## Problem
For this exercise, write out the full listing that follows exactly and skip its pictures.

## Source data
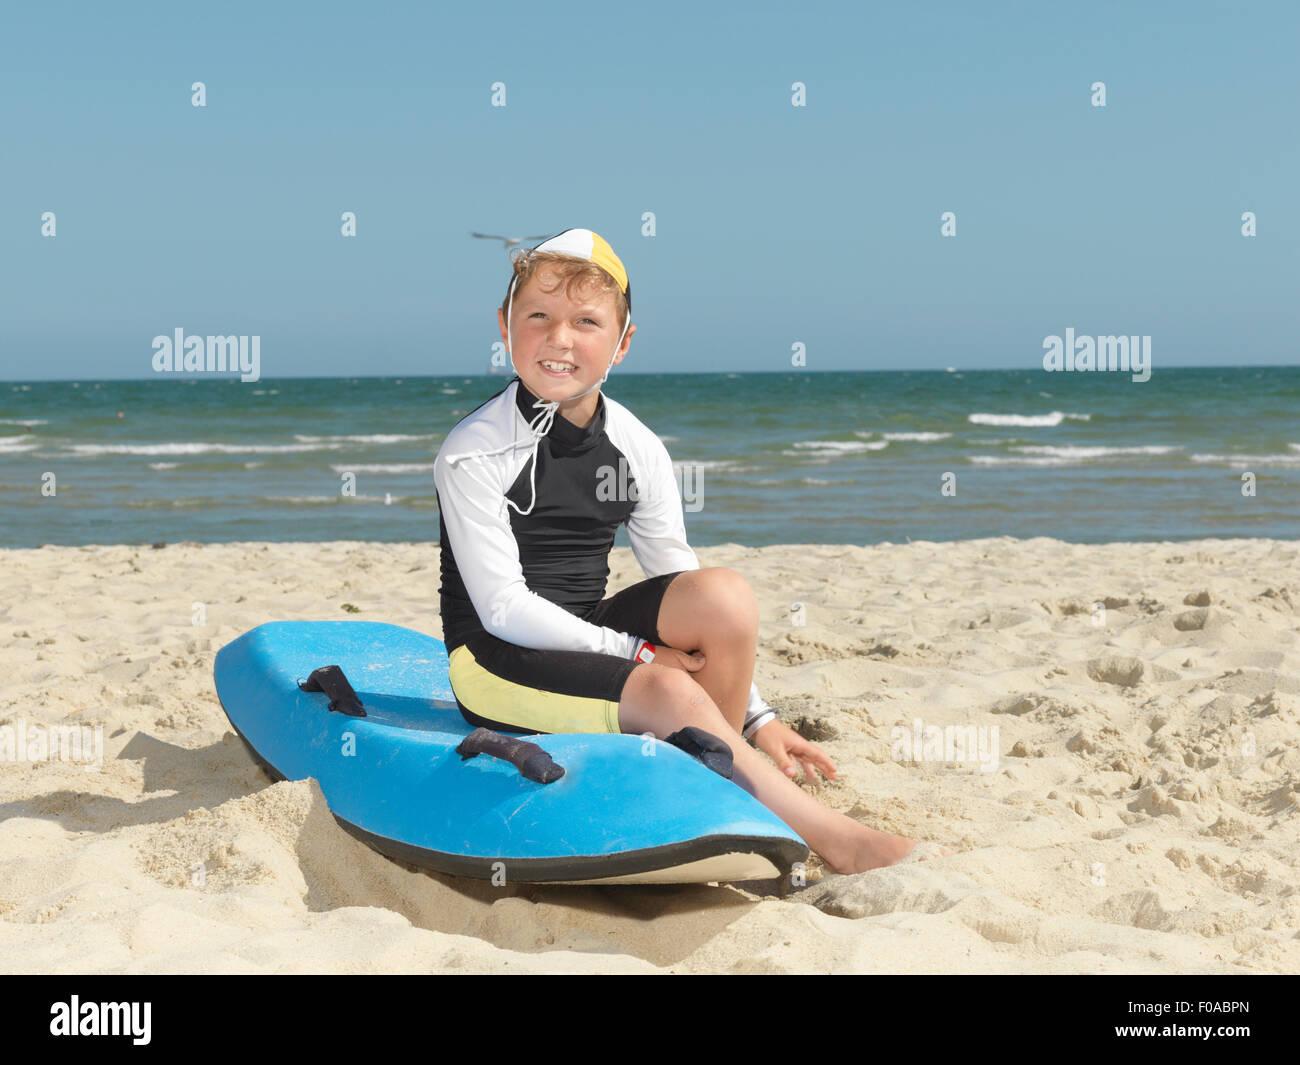 Portrait of boy nipper (child surf life savers) on surfboard at beach, Altona, Melbourne, Australia - Stock Image
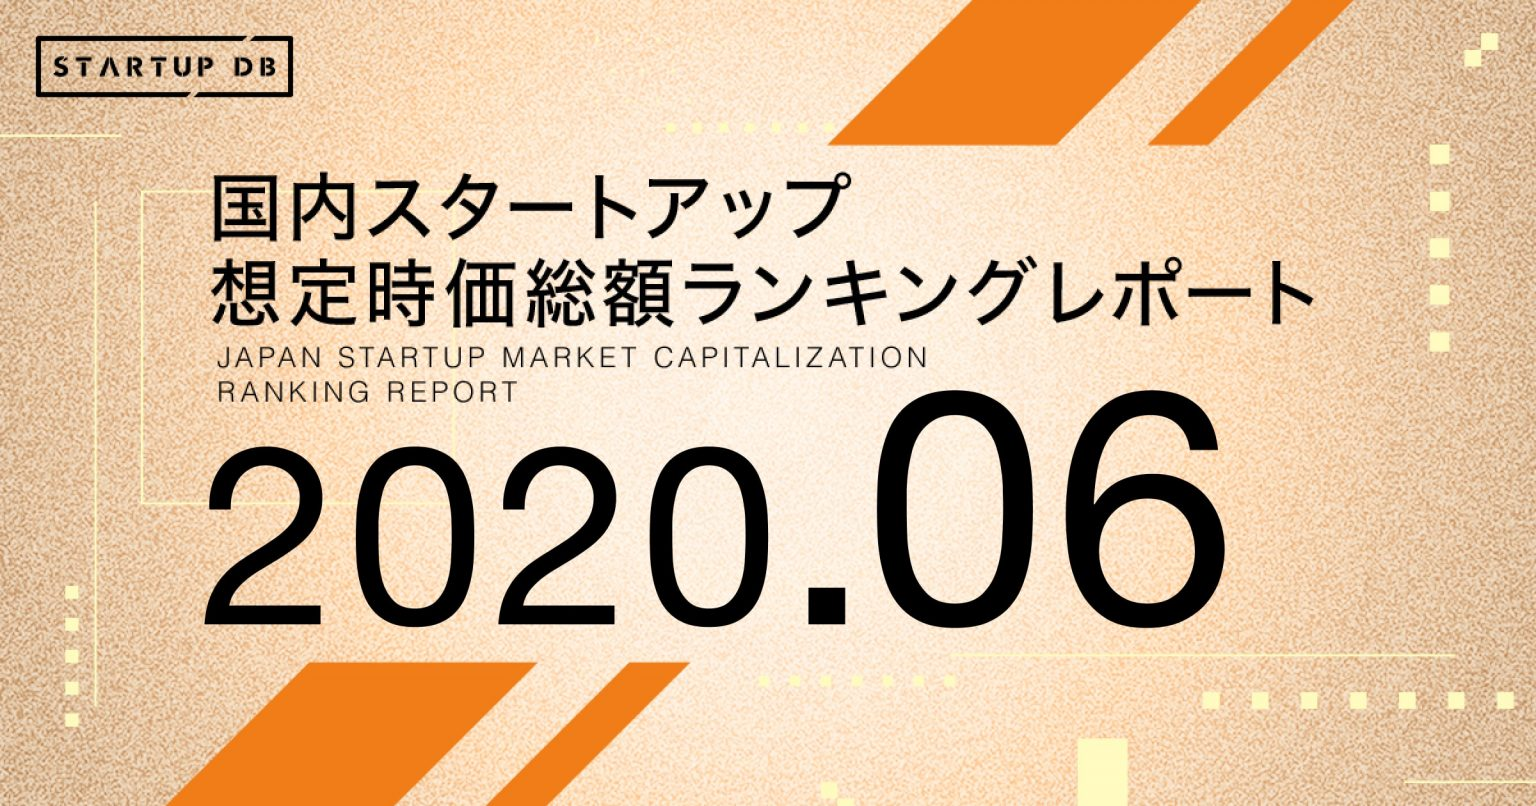 【STARTUP DB】調査結果 国内スタートアップ想定時価総額ランキング(2020年6月) 時価総額ランキングの変動はなし。累計資金調達額ではPaidyが首位
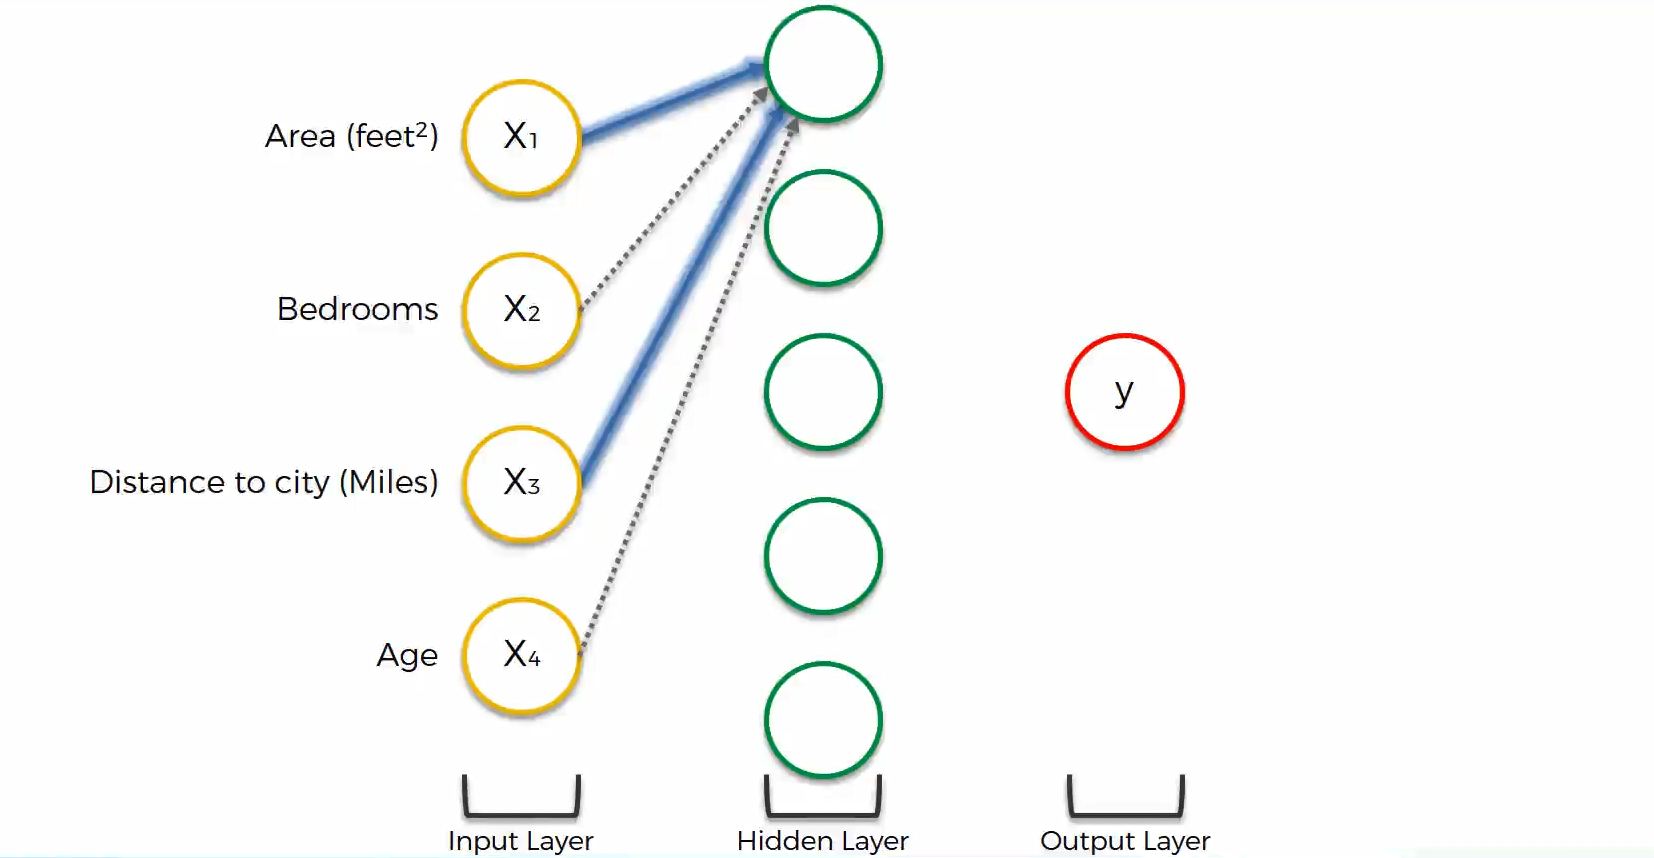 Maschinenlernen. Deep Learning. Künstliche Neuronale Netzwerke. Einführung Schritt 8

## Response
 Portrait of boy nipper (child surf life savers) on surfboard at beach, Altona, Melbourne, Australia - Stock Image
 【STARTUP DB】調査結果 国内スタートアップ想定時価総額ランキング(2020年6月) 時価総額ランキングの変動はなし。累計資金調達額ではPaidyが首位
 Maschinenlernen. Deep Learning. Künstliche Neuronale Netzwerke. Einführung Schritt 8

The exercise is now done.